Aujourd’hui, même si le système d’immatriculation a évolué vers le format national, les engins de la BSPP restent facilement reconnaissables grâce à leurs marquages réglementaires, leurs codes d’affectation et bien sûr leur célèbre livrée rouge. Ces éléments permettent non seulement une identification rapide, mais rappellent aussi le statut unique, à la fois militaire et opérationnel, de ces véhicules emblématiques des secours parisiens.
LA PEUGEOT DE 1892
Mon coup de cœur suivant sera la Peugeot de 1892 fait partie des toutes premières automobiles produites par la marque sochalienne. Il s’agit du célèbre Type 3, un véhicule encore très proche des voitures hippomobiles par son aspect, mais déjà révolutionnaire pour l’époque grâce à son moteur à essence.
Équipée d’un moteur sous licence Daimler et d’une transmission par chaîne, cette auto pionnière symbolise les débuts de l’aventure automobile française. Elle s’illustra notamment en participant à l’un des premiers grands voyages routiers longue distance, reliant Paris à Brest et retour, démontrant ainsi sa fiabilité.
Au catalogue du fabricant de miniatures Safir, cette Peugeot historique est reproduite avec un grand souci du détail. La finesse des roues à rayons, la fidélité de la carrosserie et le respect des teintes d’origine en font une pièce très appréciée des collectionneurs, particulièrement pour ceux qui s’intéressent aux débuts de l’automobile.
Cette miniature représente ainsi bien plus qu’un simple modèle réduit : elle évoque une véritable page d’histoire, celle des premiers pas de Peugeot dans l’univers automobile.
Mon coup de cœur suivant sera la Peugeot de 1892 fait partie des toutes premières automobiles produites par la marque sochalienne. Il s’agit du célèbre Type 3, un véhicule encore très proche des voitures hippomobiles par son aspect, mais déjà révolutionnaire pour l’époque grâce à son moteur à essence.
Équipée d’un moteur sous licence Daimler et d’une transmission par chaîne, cette auto pionnière symbolise les débuts de l’aventure automobile française. Elle s’illustra notamment en participant à l’un des premiers grands voyages routiers longue distance, reliant Paris à Brest et retour, démontrant ainsi sa fiabilité.
Au catalogue du fabricant de miniatures Safir, cette Peugeot historique est reproduite avec un grand souci du détail. La finesse des roues à rayons, la fidélité de la carrosserie et le respect des teintes d’origine en font une pièce très appréciée des collectionneurs, particulièrement pour ceux qui s’intéressent aux débuts de l’automobile.

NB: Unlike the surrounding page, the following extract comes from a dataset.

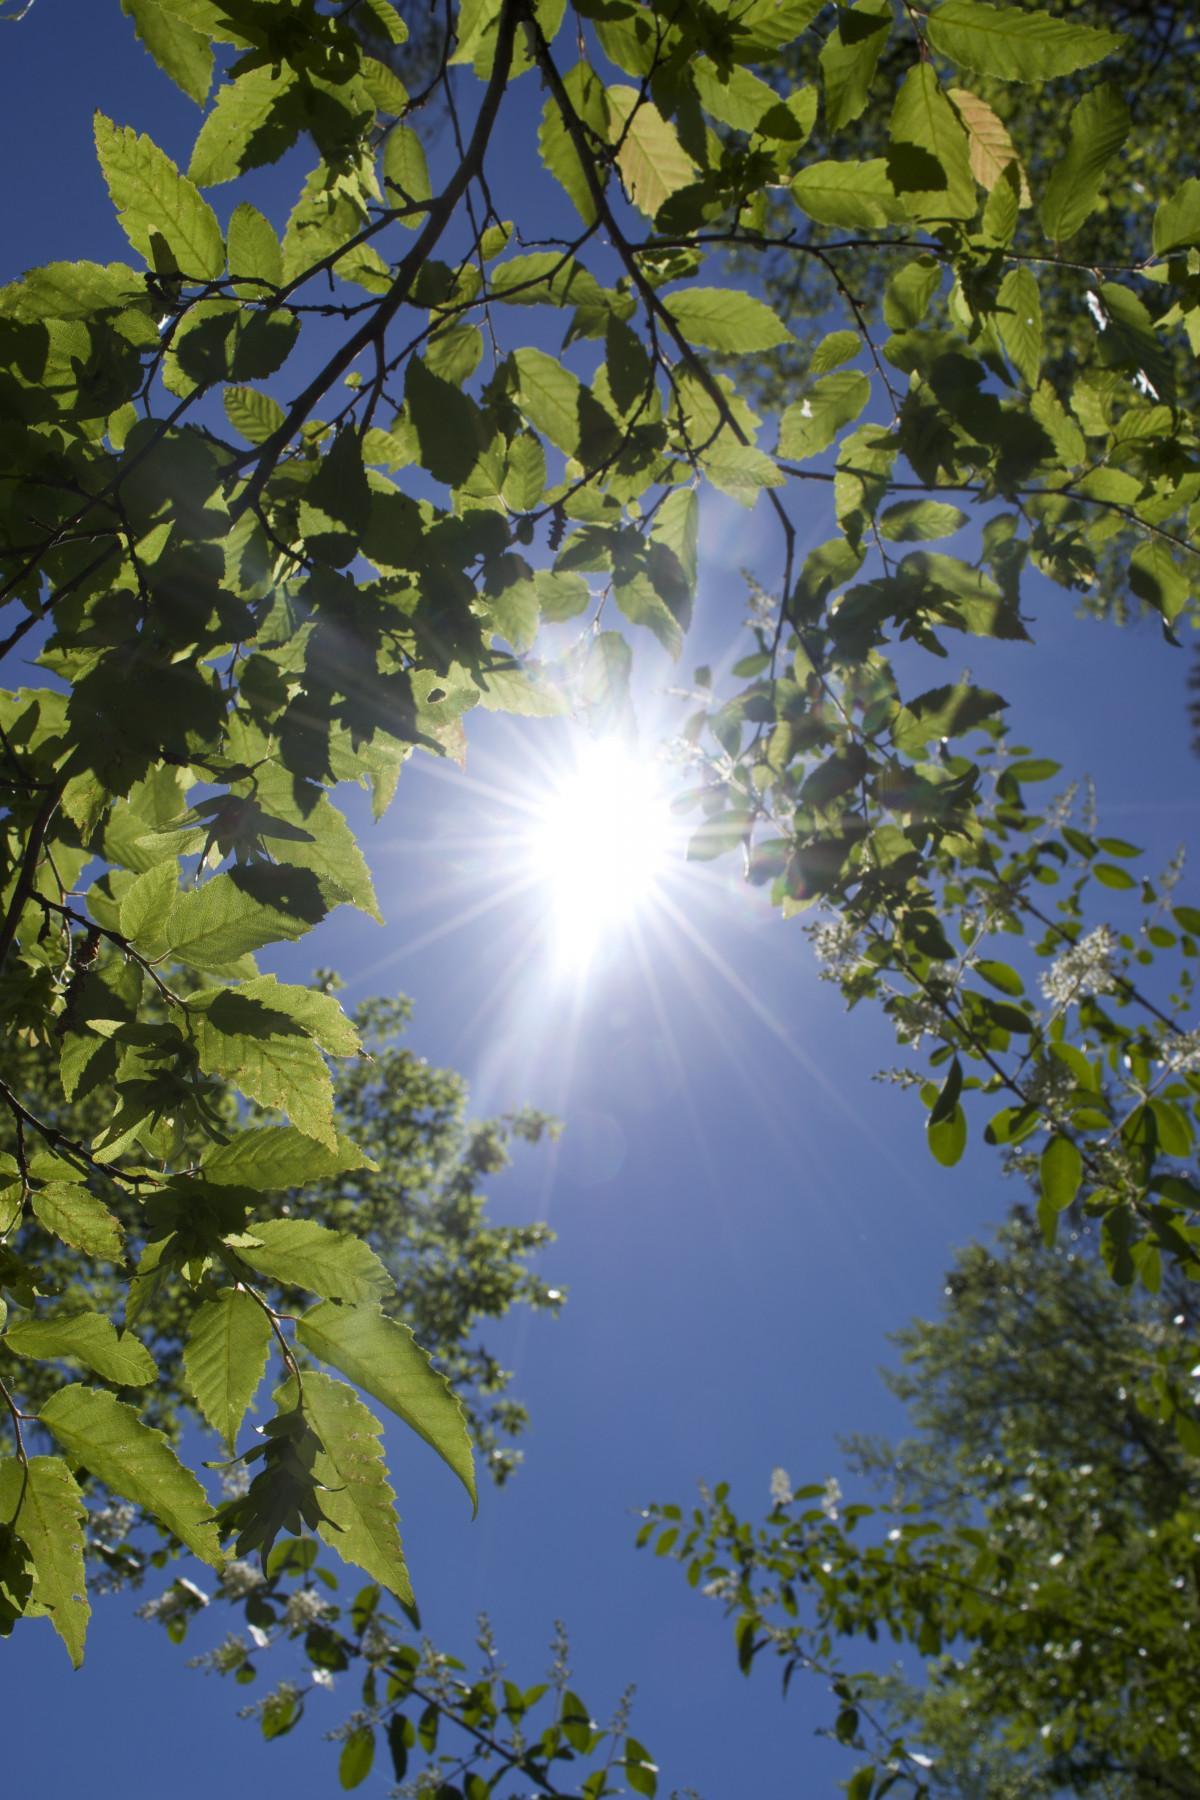 Fall Season Wallpaper Free Free Images Landscape Tree Forest Plant Sky Lane

Cette miniature représente ainsi bien plus qu’un simple modèle réduit : elle évoque une véritable page d’histoire, celle des premiers pas de Peugeot dans l’univers automobile.
Je possède également cette miniature , c'est vrai qu'elle est sympa .

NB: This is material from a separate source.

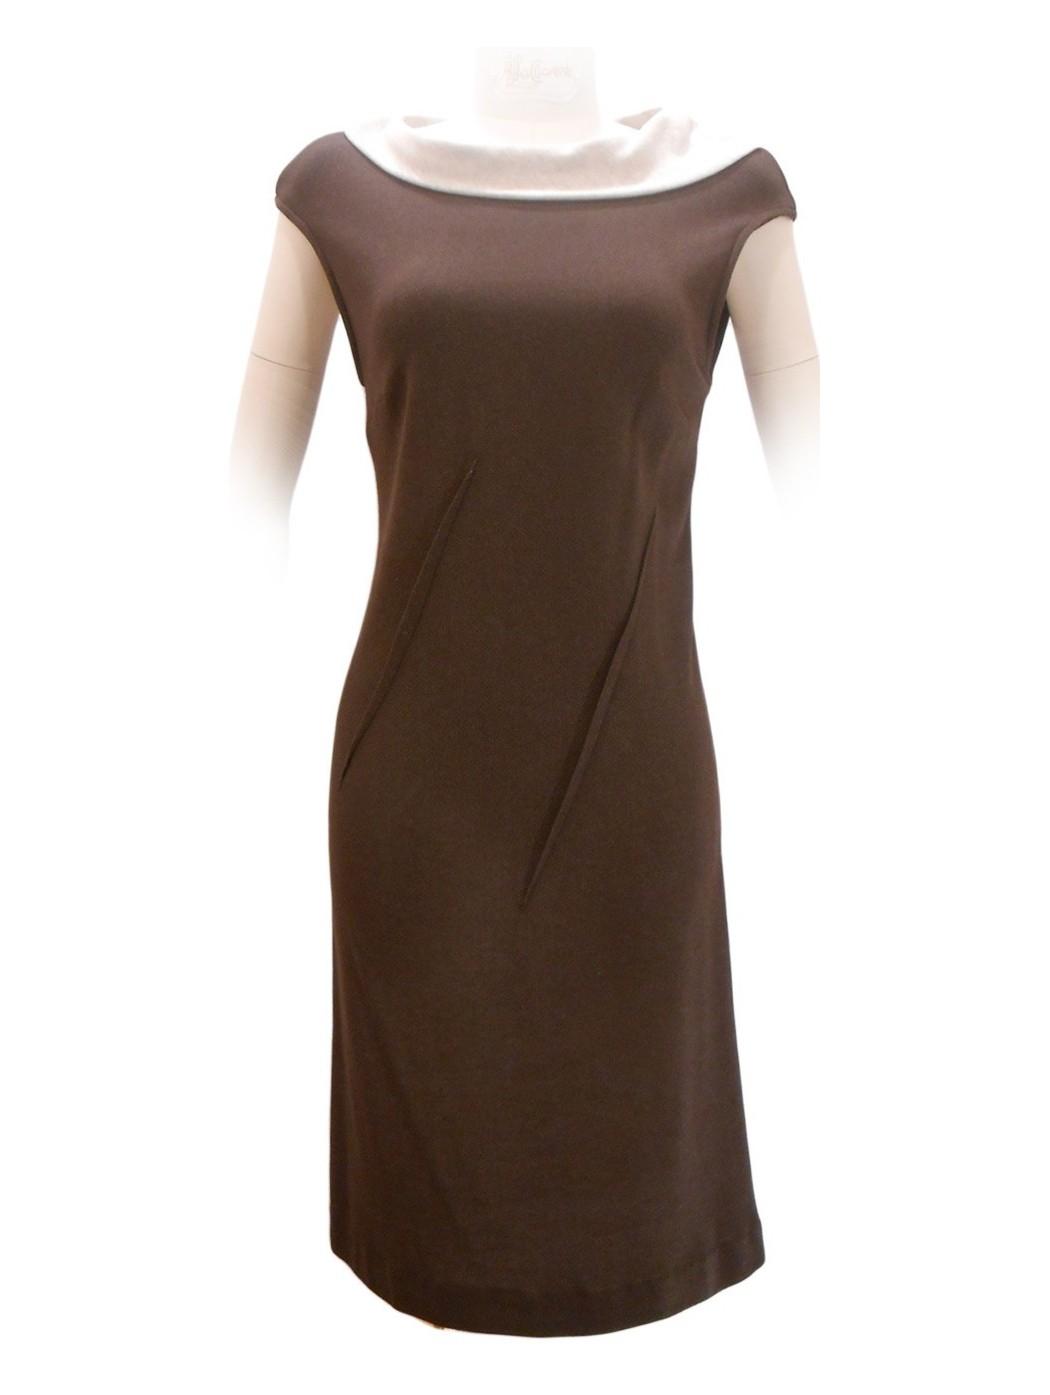 Two-coloured sheath dress

Le début de l’automobile...
Nous allons rester dans l’Avant-Guerre avec mon troisième coup de cœur qui sera cette voiturette L’Éclair, réalisée en 1895 par Michelin, est montée sur un châssis Peugeot. Conçue pour démontrer l’efficacité du pneu pneumatique démontable, elle participe à la course Paris–Bordeaux–Paris. Malgré plusieurs arrêts techniques, elle prouve l’intérêt du pneumatique et marque une étape importante dans l’évolution de l’automobile.

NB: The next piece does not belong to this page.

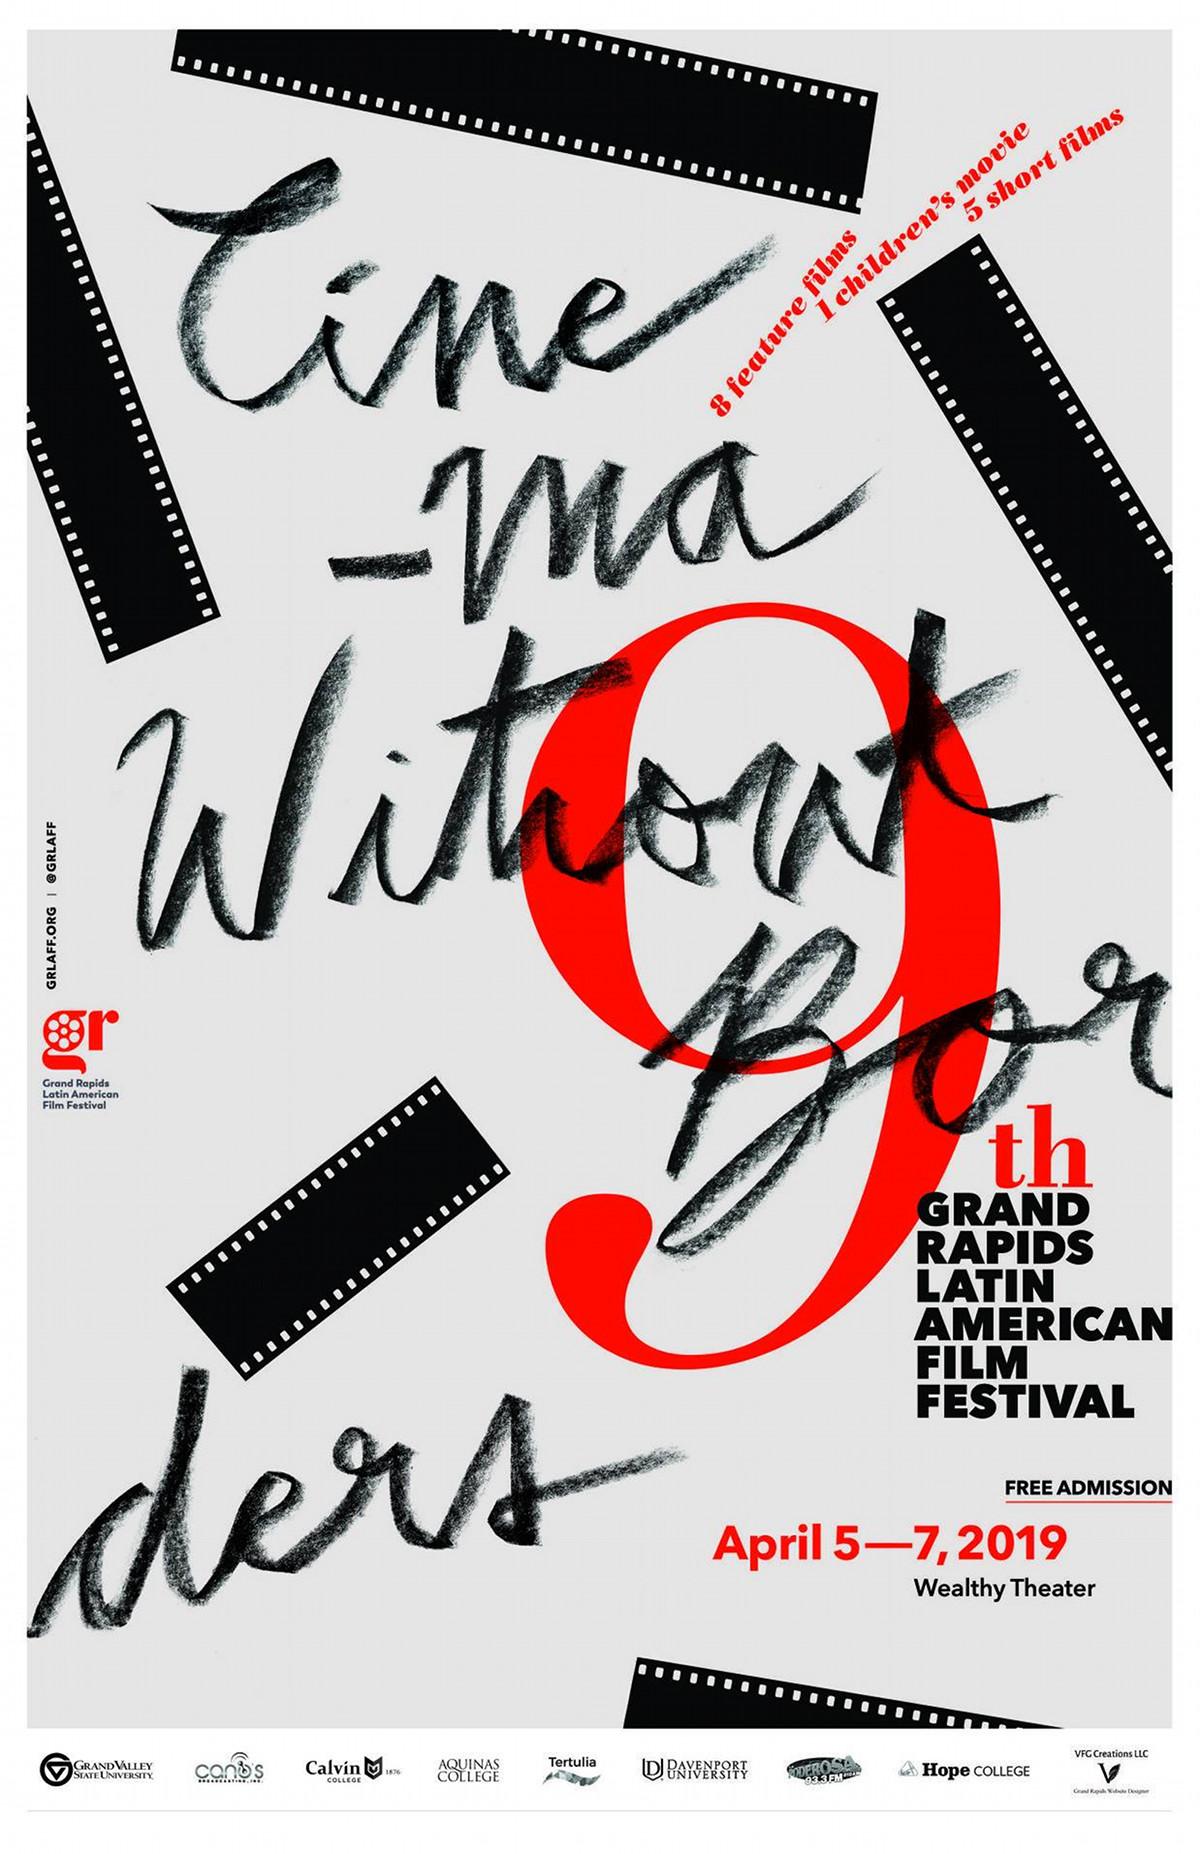 Grand Rapids Latin American Film Festival 2019 poster

Cette miniature L’Éclair à l’échelle 1.43ème fut offerte en cadeau aux abonnés à la collection Michelin distribuée par ALTAYA et fabriquée par IXO - Octobre 2008.
Nous allons rester dans l’Avant-Guerre avec mon troisième coup de cœur qui sera cette voiturette L’Éclair, réalisée en 1895 par Michelin, est montée sur un châssis Peugeot. Conçue pour démontrer l’efficacité du pneu pneumatique démontable, elle participe à la course Paris–Bordeaux–Paris. Malgré plusieurs arrêts techniques, elle prouve l’intérêt du pneumatique et marque une étape importante dans l’évolution de l’automobile.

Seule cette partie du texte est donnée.